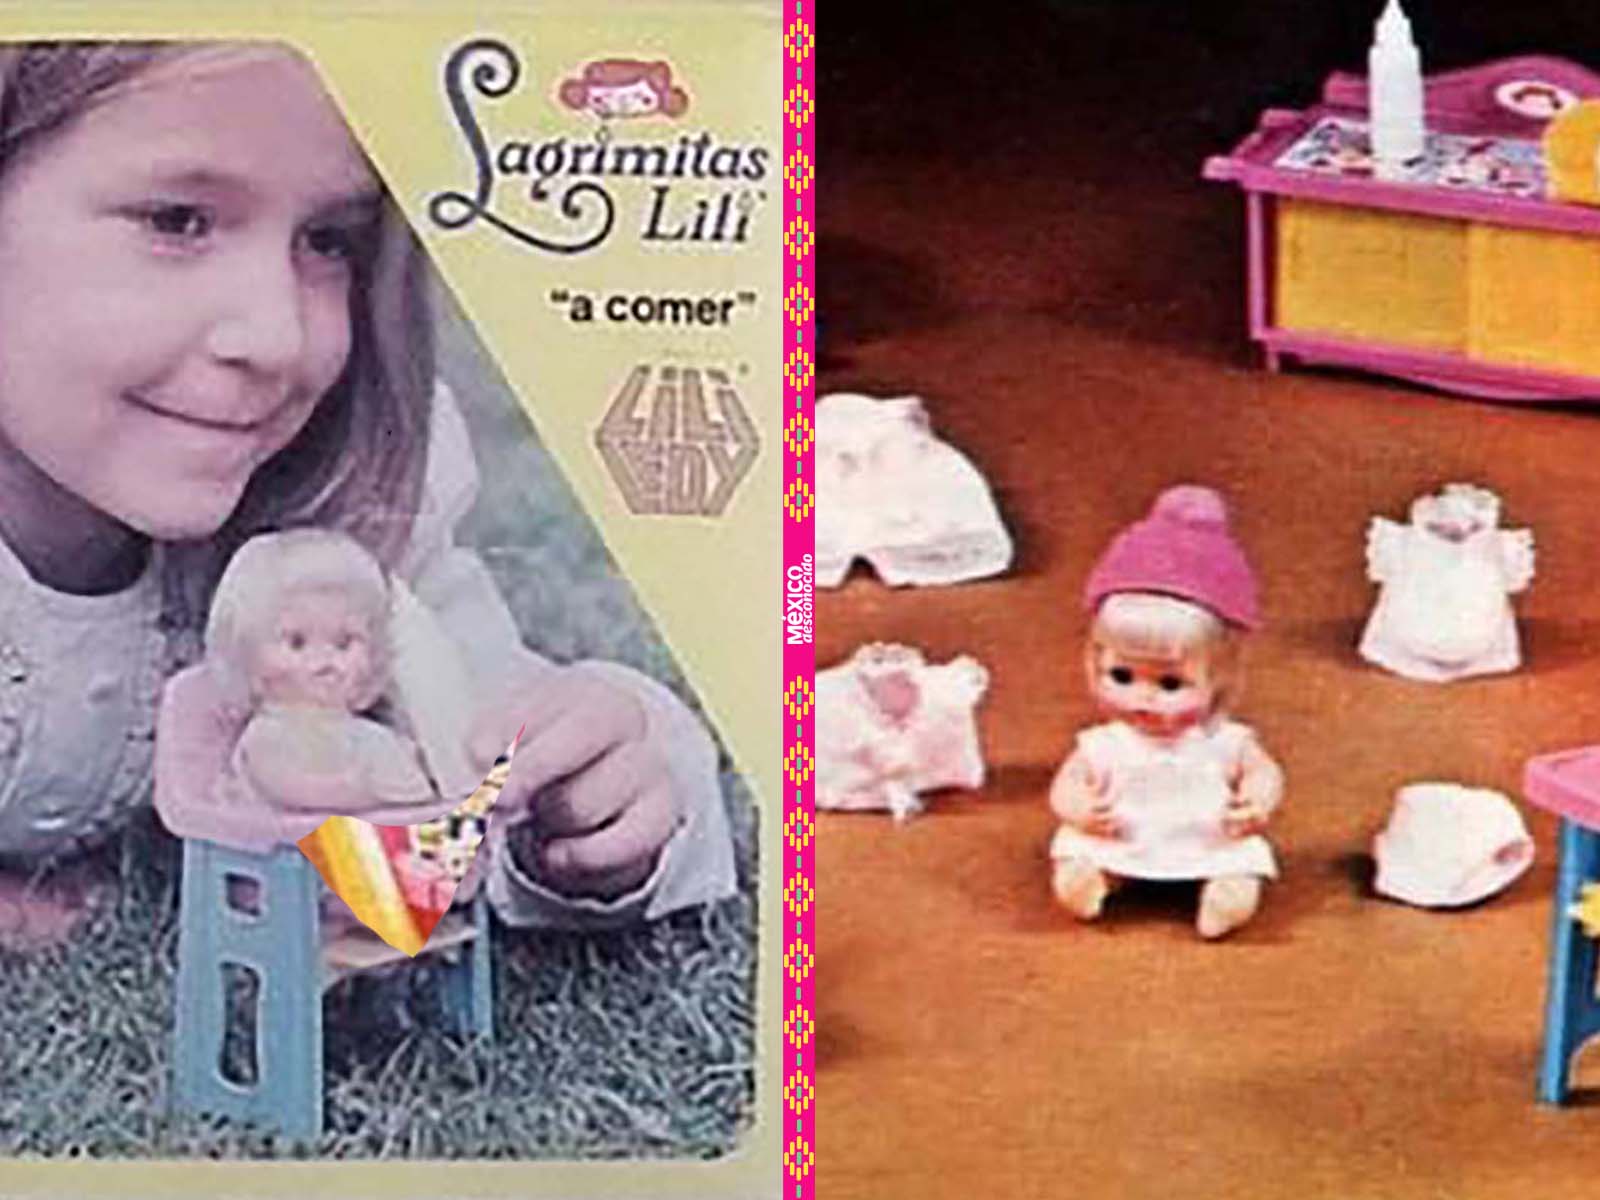 Lagrimitas Lilí, de muñecas más queridas las niñas mexicanas - México Desconocido
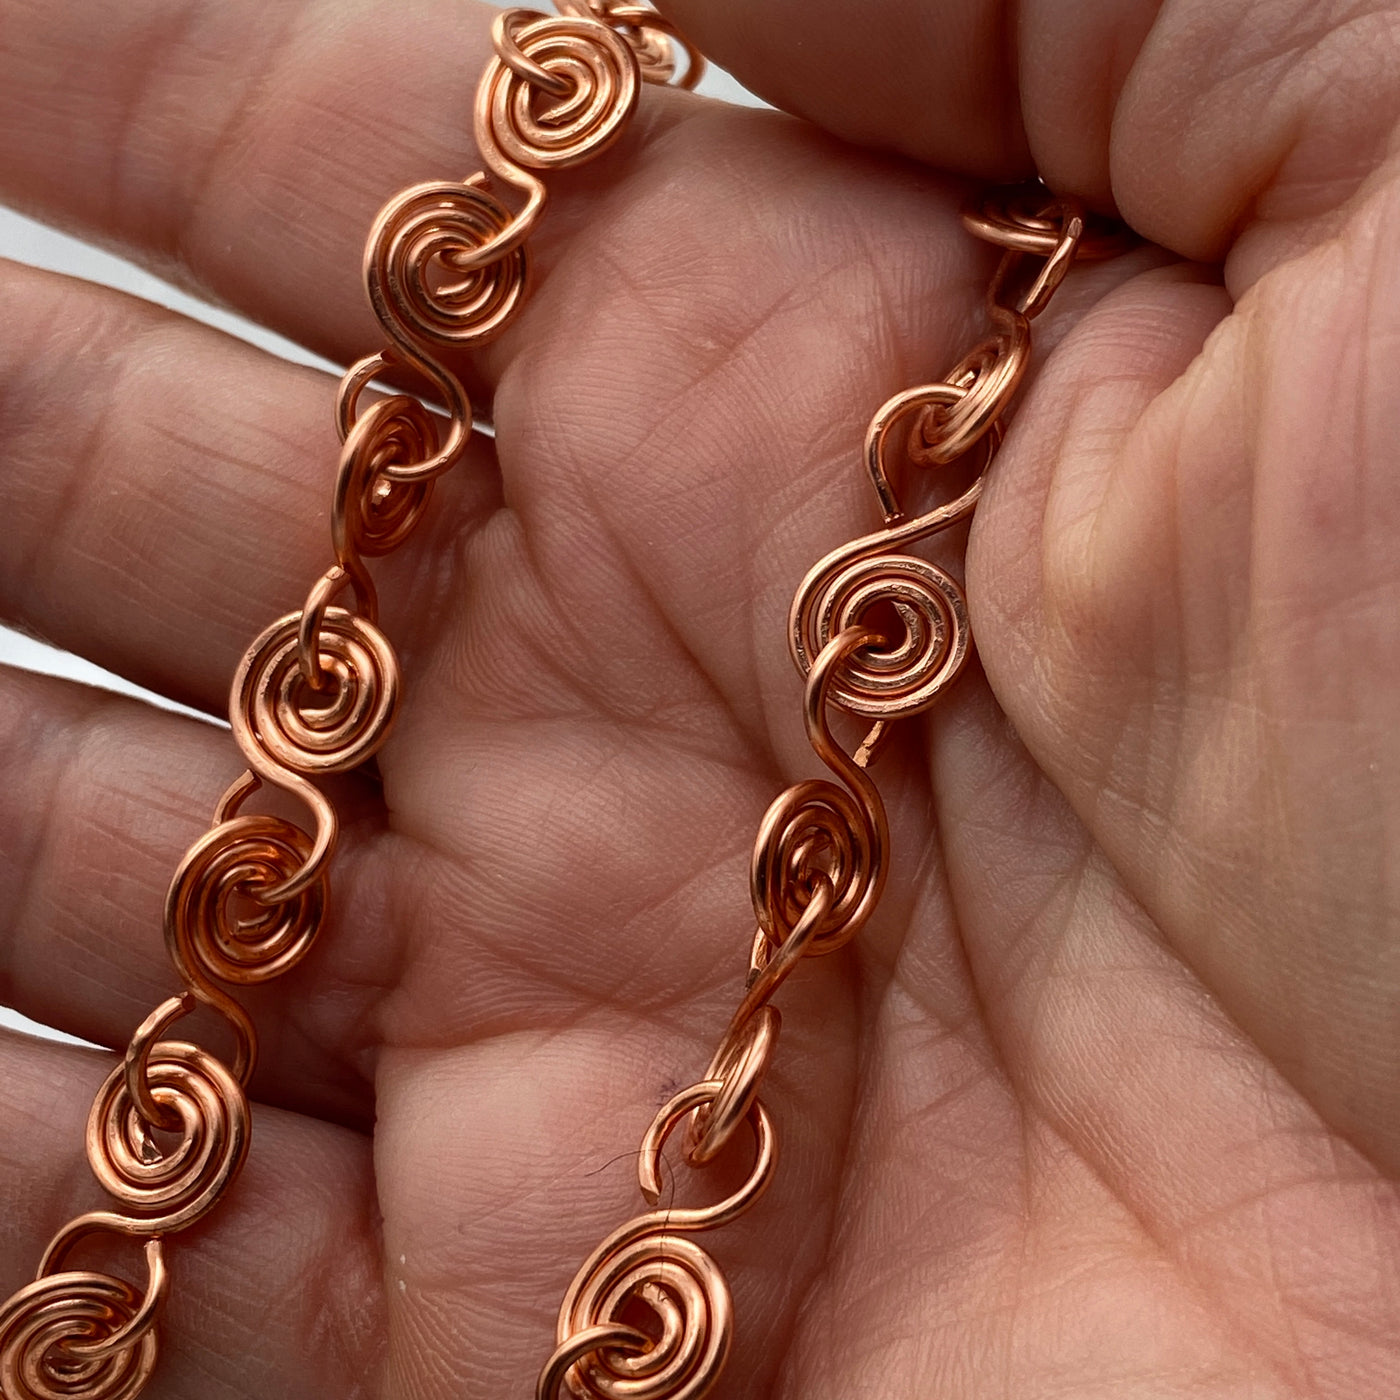 Copper spirals necklace. 
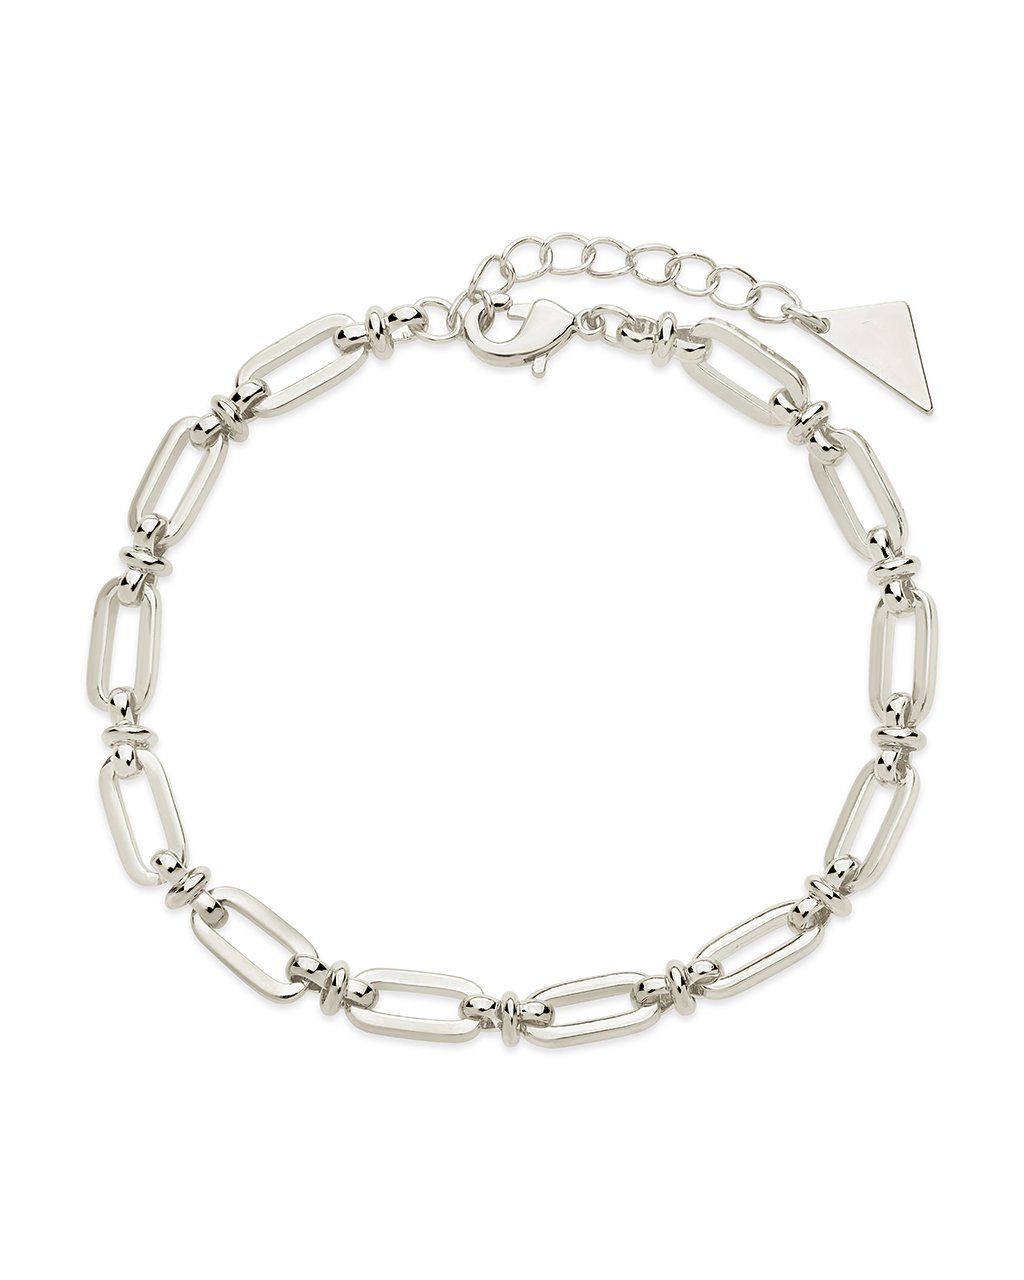 Oval Link Chain Bracelet Bracelet Sterling Forever Silver 
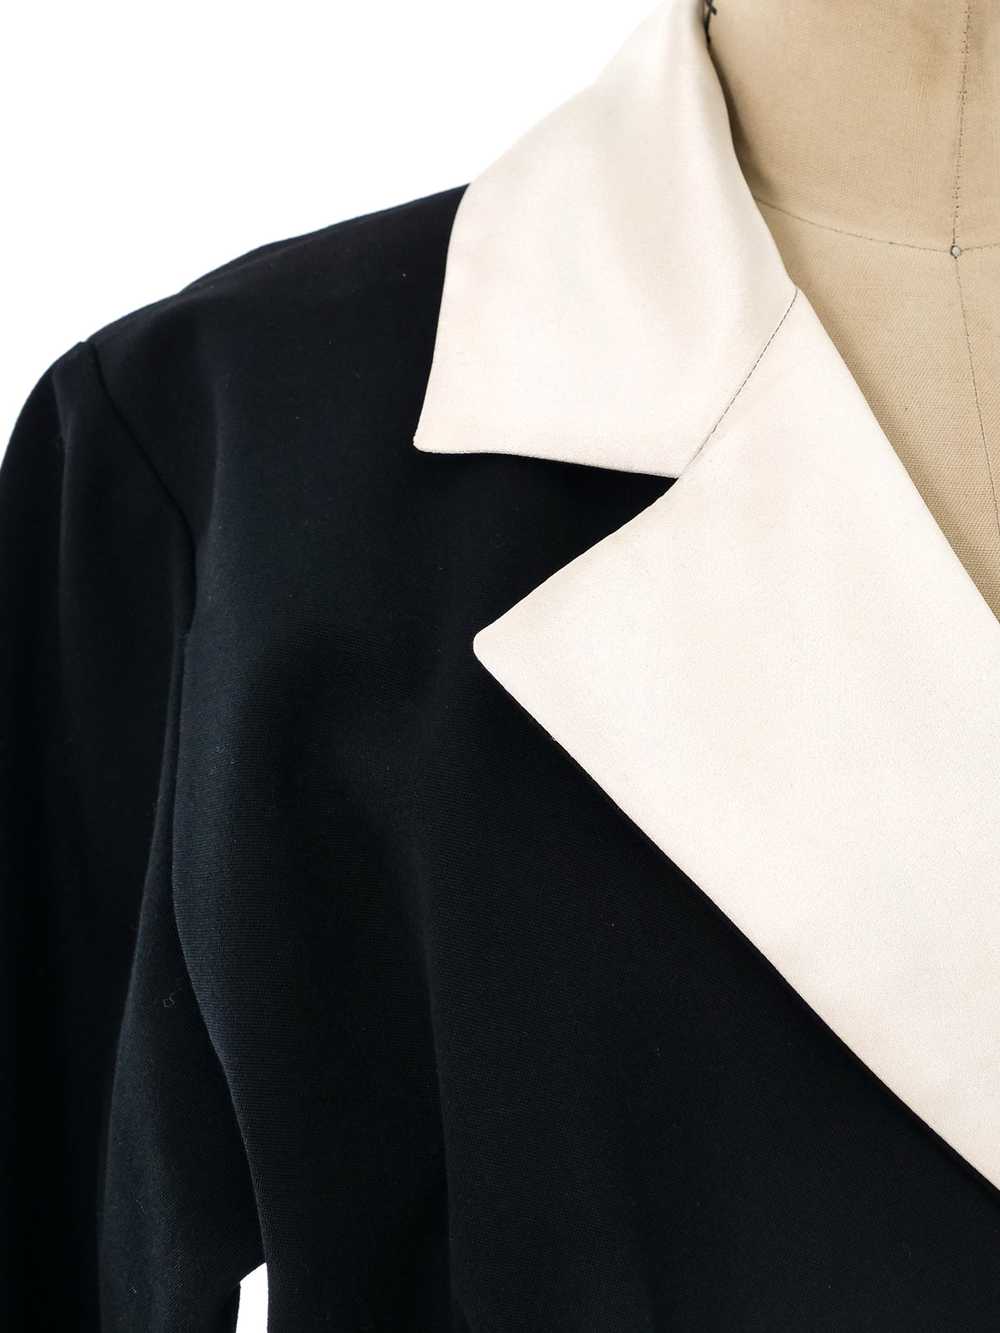 Yves Saint Laurent Tuxedo Dress - image 6
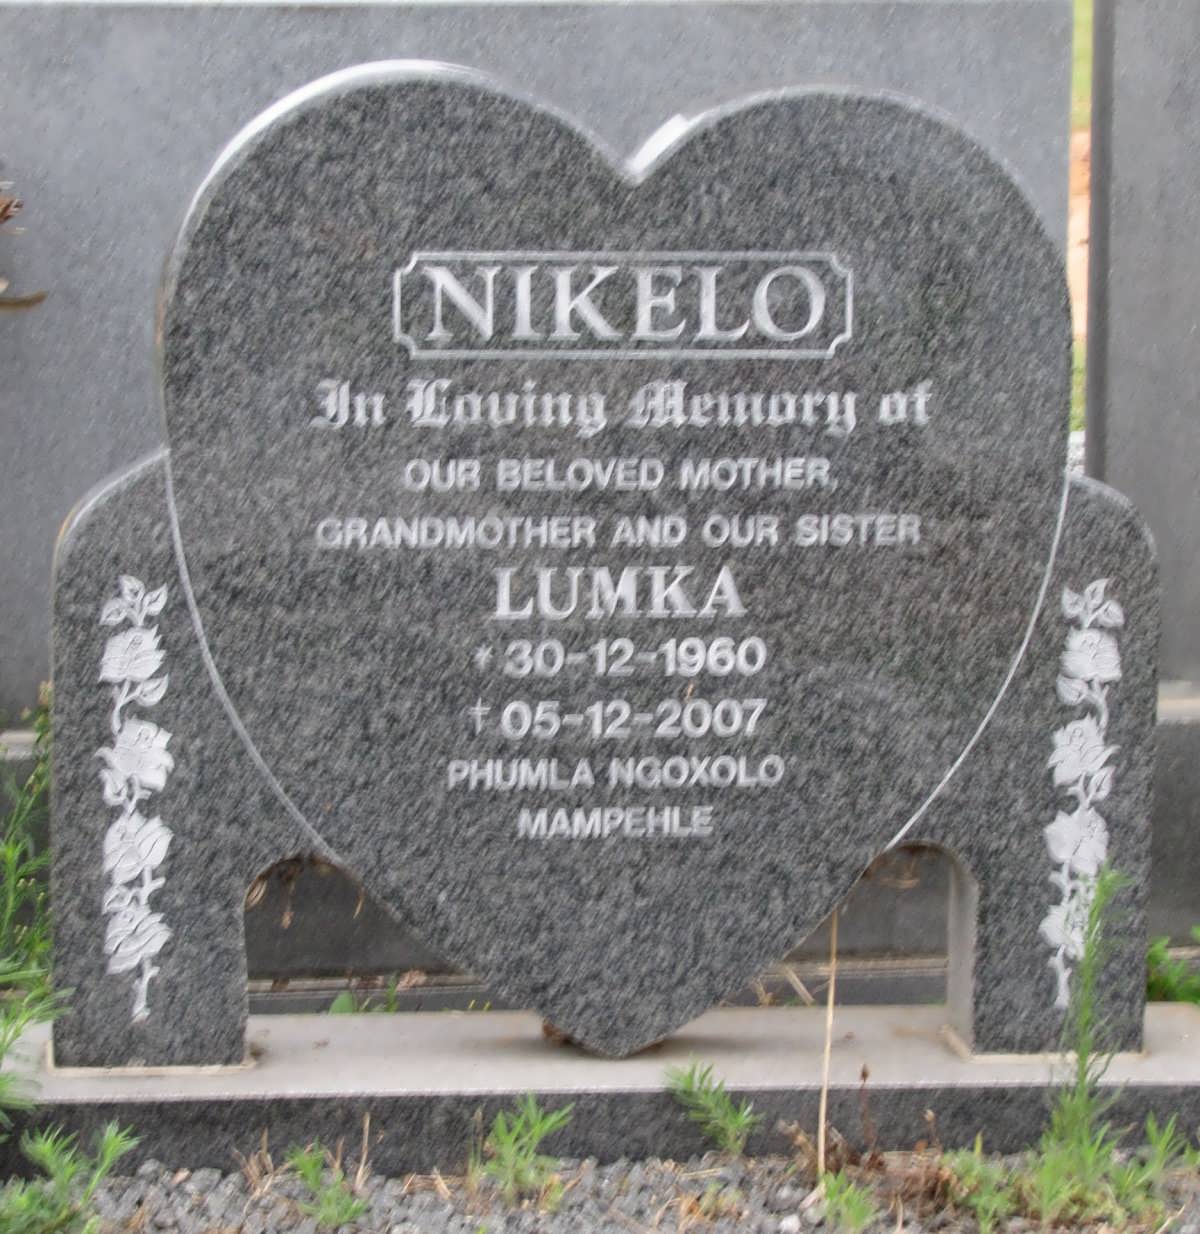 NIKELO Lumka 1960-2007

Problem description => The lines from the one containing "Copper spirals necklace." to the last line of the records, both included: print exactly those and nothing else, leaving out any pictures.

Answer =>
 Copper spirals necklace. 
 Oval Link Chain Bracelet Bracelet Sterling Forever Silver 
 Yves Saint Laurent Tuxedo Dress - image 6
 NIKELO Lumka 1960-2007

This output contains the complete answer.